🤖 AI Summary
Autoregressive language models with subword tokenizers exhibit limited robustness against out-of-vocabulary (OOV) multilingual spelling perturbations. To address this, we propose PixelLM—a novel pixel-based language modeling framework that renders text into character-level grayscale images and performs end-to-end convolutional autoregressive modeling, thereby eliminating reliance on subword embeddings and circumventing OOV issues entirely. PixelLM unifies cross-script representation through pixel-sequence modeling, requiring no language-specific preprocessing or tokenization; during decoding, it reconstructs text from pixels, preserving both generation quality and robustness. Evaluated on multilingual LAMBADA, WMT24, and SST-2 benchmarks under spelling noise, PixelLM achieves significant gains in accuracy and stability. Results demonstrate its strong robustness to diverse multilingual spelling variants and superior generalization across scripts and languages.
📝 Abstract
Autoregressive language models are vulnerable to orthographic attacks, where input text is perturbed with characters from multilingual alphabets, leading to substantial performance degradation. This vulnerability primarily stems from the out-of-vocabulary issue inherent in subword tokenizers and their embeddings.
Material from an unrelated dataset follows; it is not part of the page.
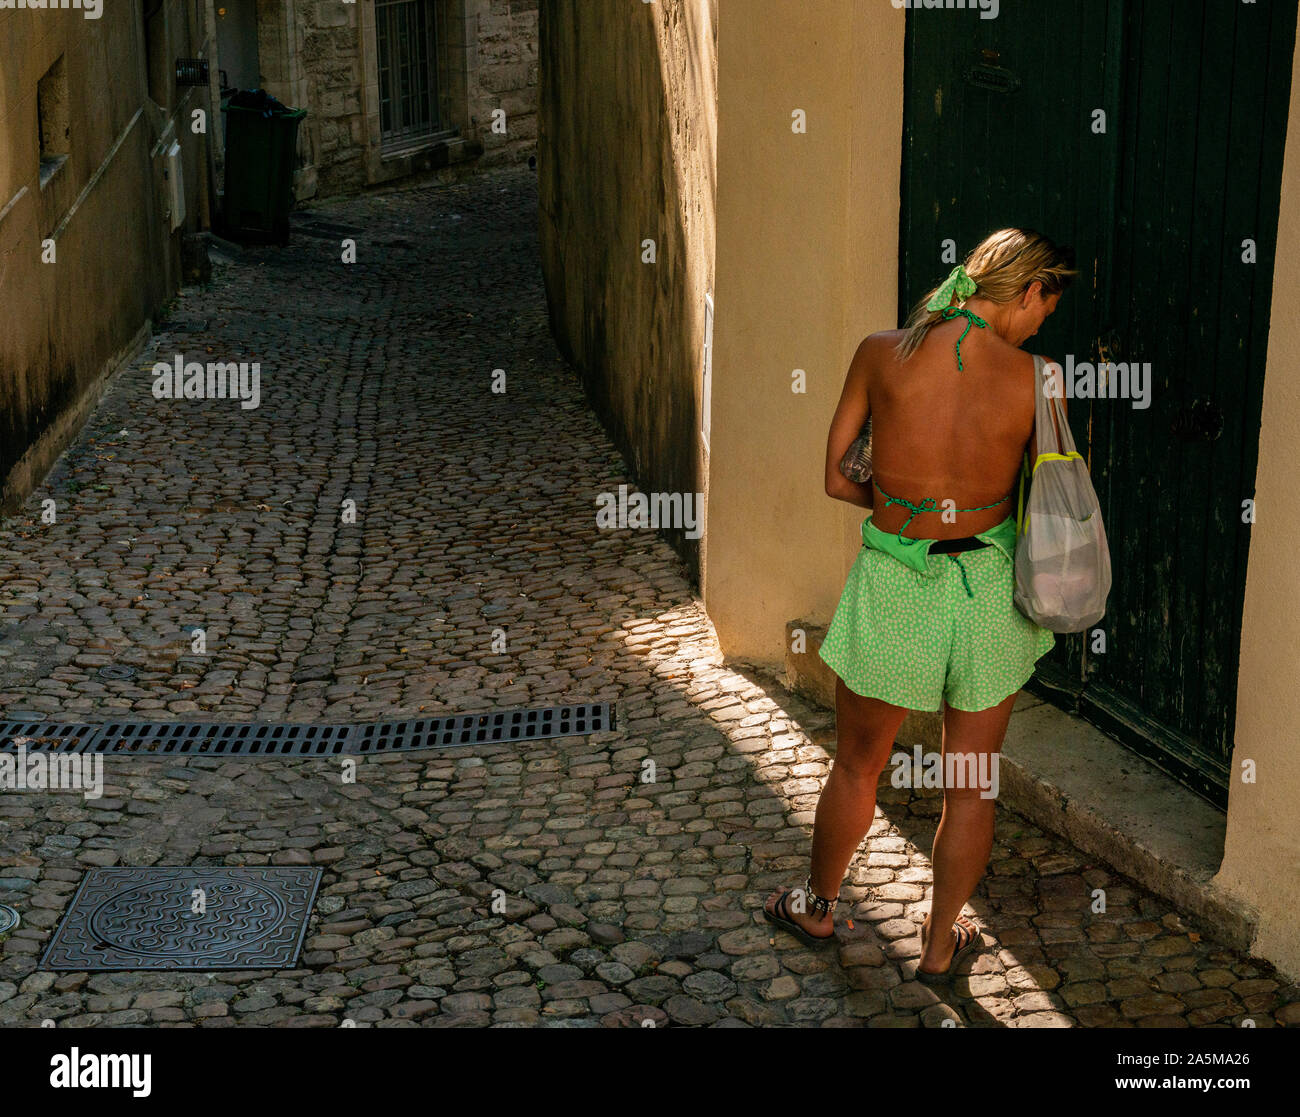 Woman exploring back lane of town, Avignon, Provence, France Stock Photo

To address this limitation, we propose a pixel-based generative language model that replaces the text-based embeddings with pixel-based representations by rendering words as individual images. This design provides stronger robustness to noisy inputs, while an extension of compatibility to multilingual text across diverse writing systems. We evaluate the proposed method on the multilingual LAMBADA dataset, WMT24 dataset and the SST-2 benchmark, demonstrating both its resilience to orthographic noise and its effectiveness in multilingual settings.